RAW DATA =>
- - - - - - -
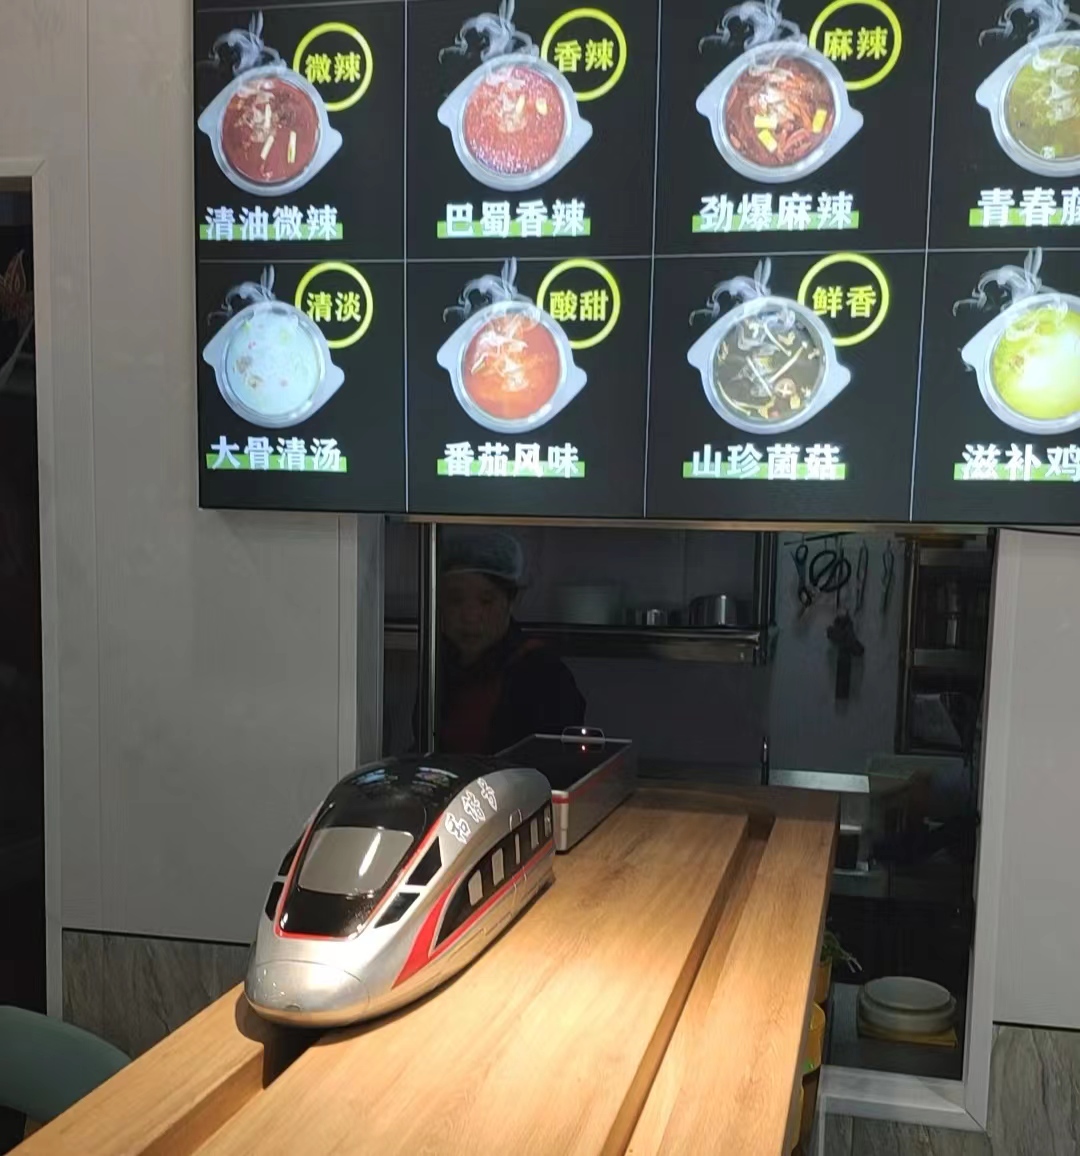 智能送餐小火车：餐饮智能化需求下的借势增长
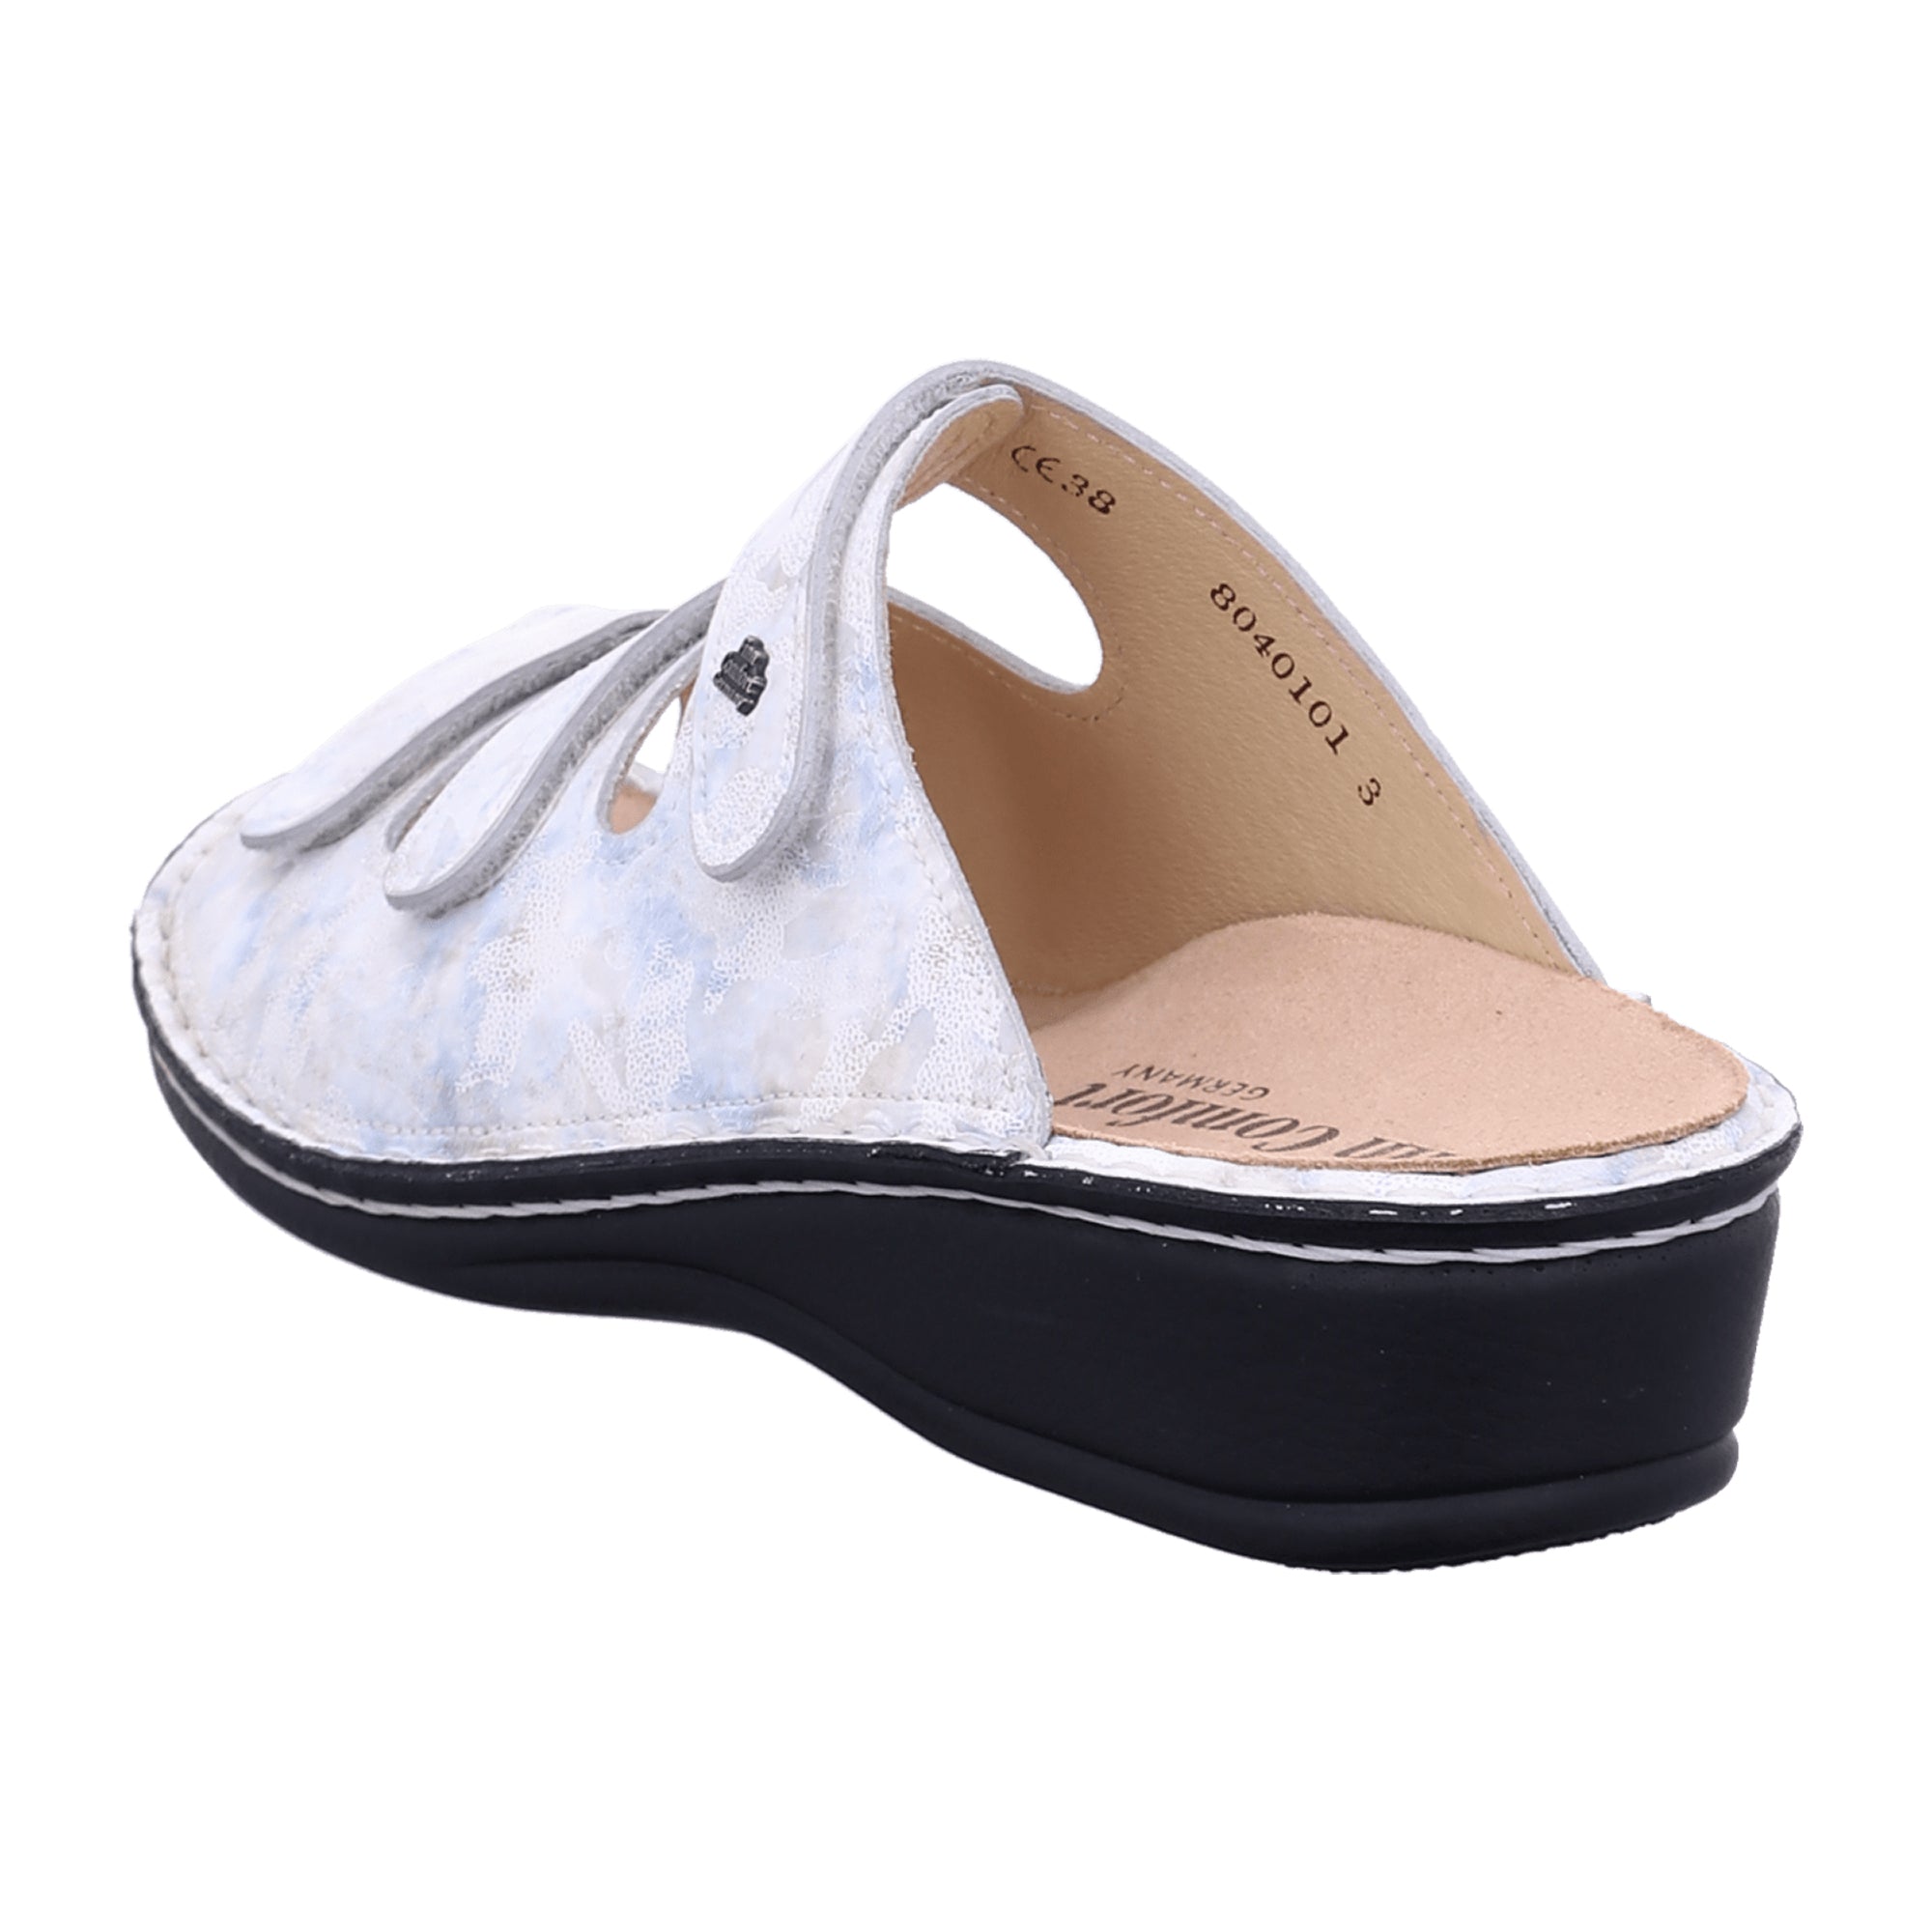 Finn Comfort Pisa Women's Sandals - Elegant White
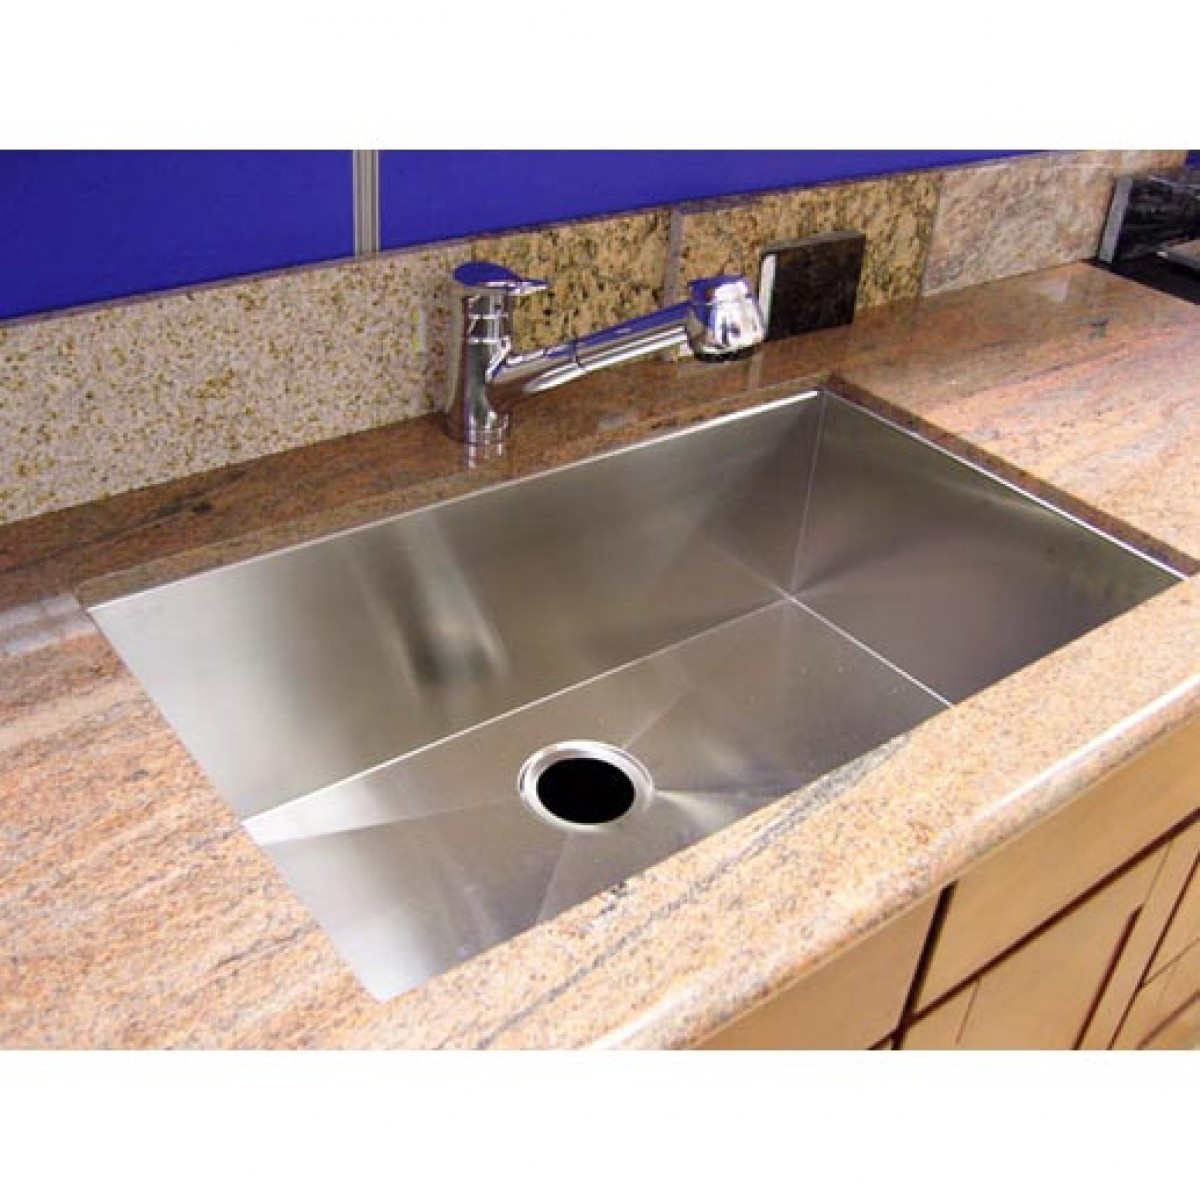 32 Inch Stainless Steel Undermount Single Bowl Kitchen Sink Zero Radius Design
- - - - - - -
ASSIGNMENT => Would you copy out the material above exactly, without the pictures in it?

OUTPUT OF THE EXERCISE =>
 智能送餐小火车：餐饮智能化需求下的借势增长
 Finn Comfort Pisa Women's Sandals - Elegant White
 32 Inch Stainless Steel Undermount Single Bowl Kitchen Sink Zero Radius Design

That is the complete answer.